The parking lot is crowded. It is dark. Runners are all outside their vehicles, warming up before the race. They are bouncing on the pavement. Doing calisthenics. Pulling and pushing their own bodily limbs into impossibly contorted positions. Not a thimbleful of body fat between them.
As the sun peeks above the roofline of the Hoover Metropolitan Complex, 2,000 of Birmingham’s most bloodthirsty competitive runners begin to gather at the starting line, forming tight social clusters.
They are all listening to music on earbuds. Lacing and re-lacing shoes. Many are wearing skimpy athletic outfits, revealing six-pack abs, massive deltoids, and well-defined gluteal regions. Some of the runners look like living GI Joe figurines and Barbie dolls.
I am wearing athletic shorts purchased from Walmart. I look like a pig farmer from Butler County.
But I’m here.
“This is for the kids,” is the slogan of this race. Everyone keeps saying this mantra.
The BHM26.2 Marathon is a fundraiser. In its eighth year, the race has raised over $1 million for children in Alabama. All proceeds benefit Magic Moments. Each year, this race brings together thousands of people who inadvertently grant a wish to some hope-starved child in Alabama. A kid with a chronic, life-threatening, or life-altering condition. That’s why I’m here. For the kids.
The music on the loudspeakers starts. The emcee gives us the go-signal. And we’re off.
The mass of runners moves forward. We in the rear are merely shuffling. Because we are not fast runners. We are not competitive athletes. We are what is commonly known to the global running community as, “middle-aged normal people.”
Even so, we all have our reasons for being here.

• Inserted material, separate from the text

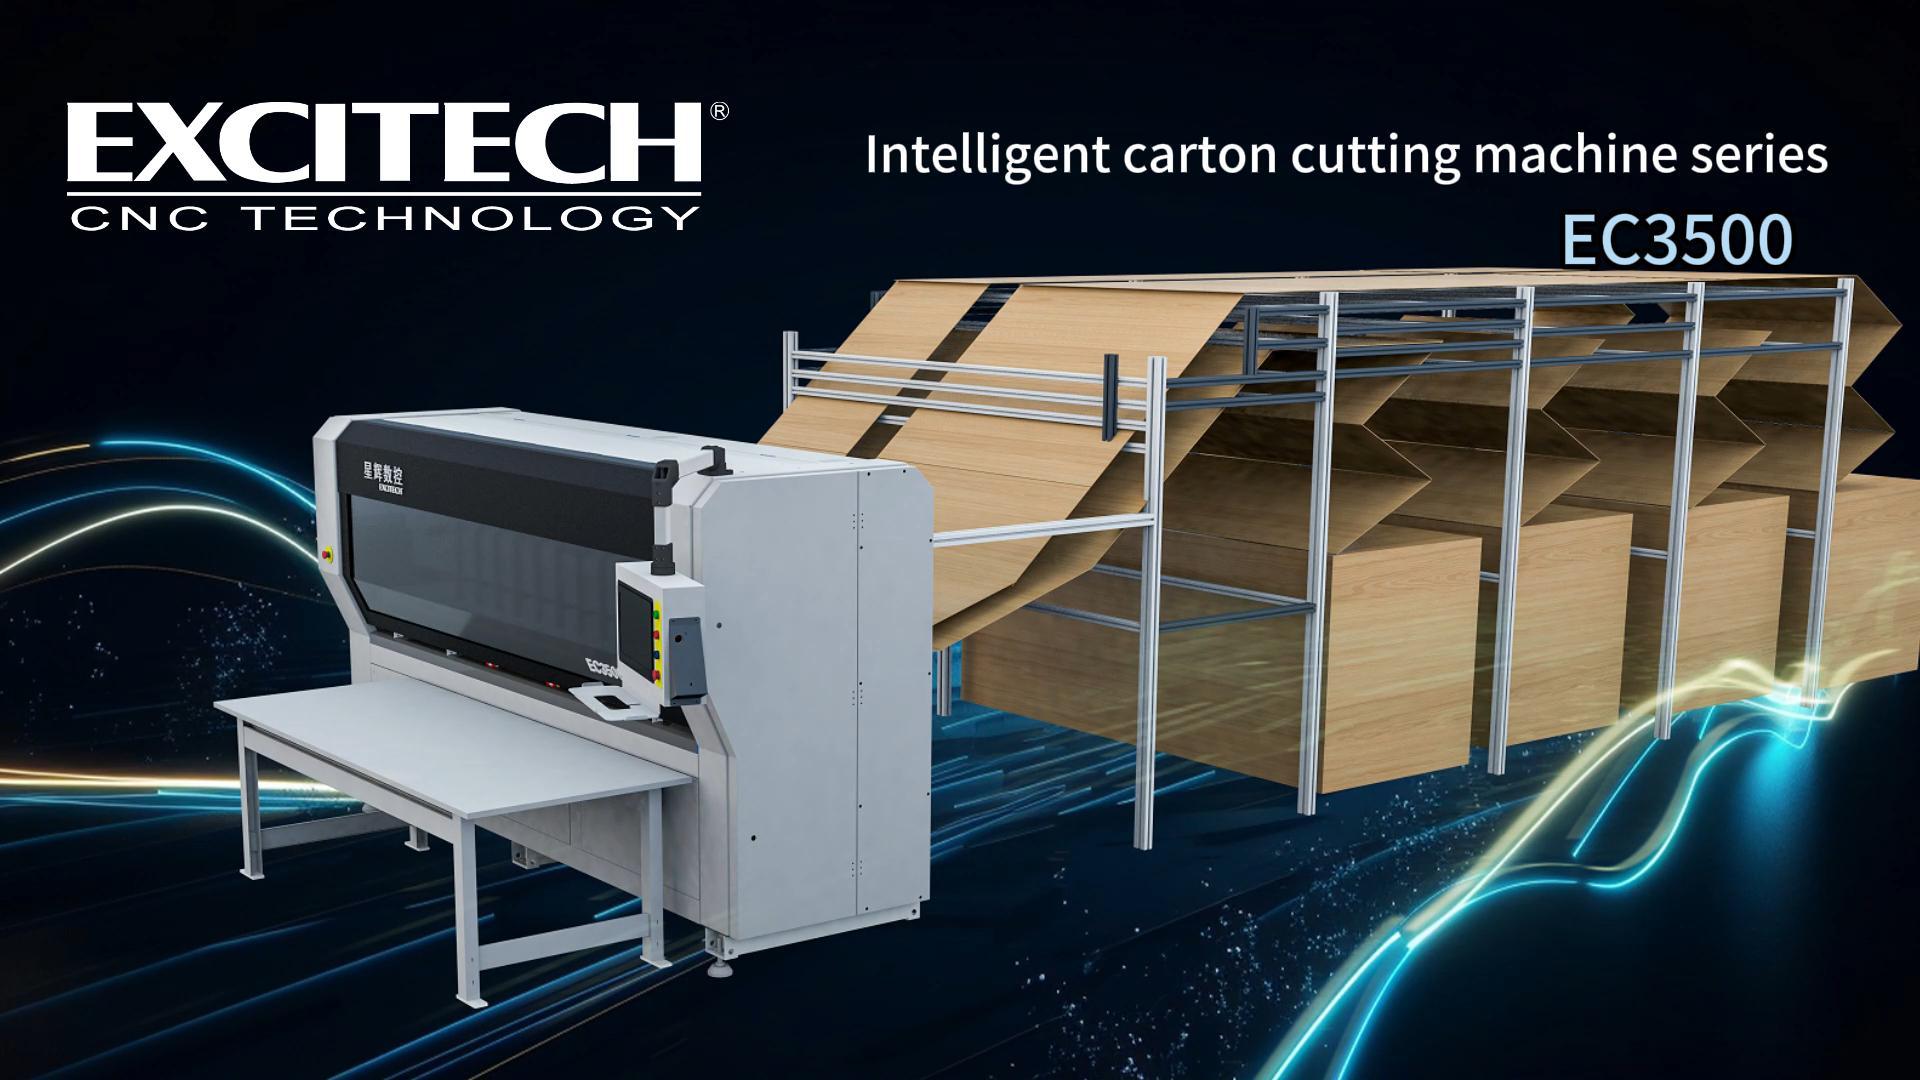 Máy cắt hộp sóng Excitech - giải pháp cắt chất lượng cao trong ngành bao bì.

One woman runner tells me a doctor once told her she would not live to see her 65th birthday, due to breast cancer. She is 71 and runs marathons.
Another man in his 50s began running after his divorce. One morning, on a lark, he took up running. It changed him. This is his 12th marathon.
My story isn’t too different. I’ve been running since age 14. I was a chubby, redhead. I looked like Danny Partridge after taking sodium pills.
Kids made fun of me. I was bad at sports. And things weren’t looking hopeful in the couple-skating department.
To make matters worse, my father was freshly dead. We were the tragic family in town.
For some reason, grief sometimes makes you hate everything. Even yourself. I hated the overweight boy in the mirror. Moreover, I hated being trapped in my saddened mind.
One night I sat before the mirror and cried, looking at my ugly self, feeling so unloved. Why did God make me this way?
It was on that same evening that I donned a pair of cutoff denim shorts and Chuck Taylors. I went outside and ran for 4 minutes under the cover of darkness to hide my shame.
The next night, I ran 5 minutes. By the time I was 15, I was running 3 miles each day.
Running changed the chemistry of my brain. It altered how I felt about myself. Running helped me work through anxieties, paralyzing fears, and soul-sucking depression. In a way, running sort of helped me learn to love myself.
As I approach mile 25, I am not loving much of anything. I’m not so much running as I am hobbling.
At mile 26, I see my wife in the distance. She is cheering. Onlookers are ringing bells and applauding. I limp across the finish line and my wife is screaming.
“This is for the kids,” grunts a suffering fellow runner nearby.
“For the kids,” I grunt.
And it was. Especially for the one inside me.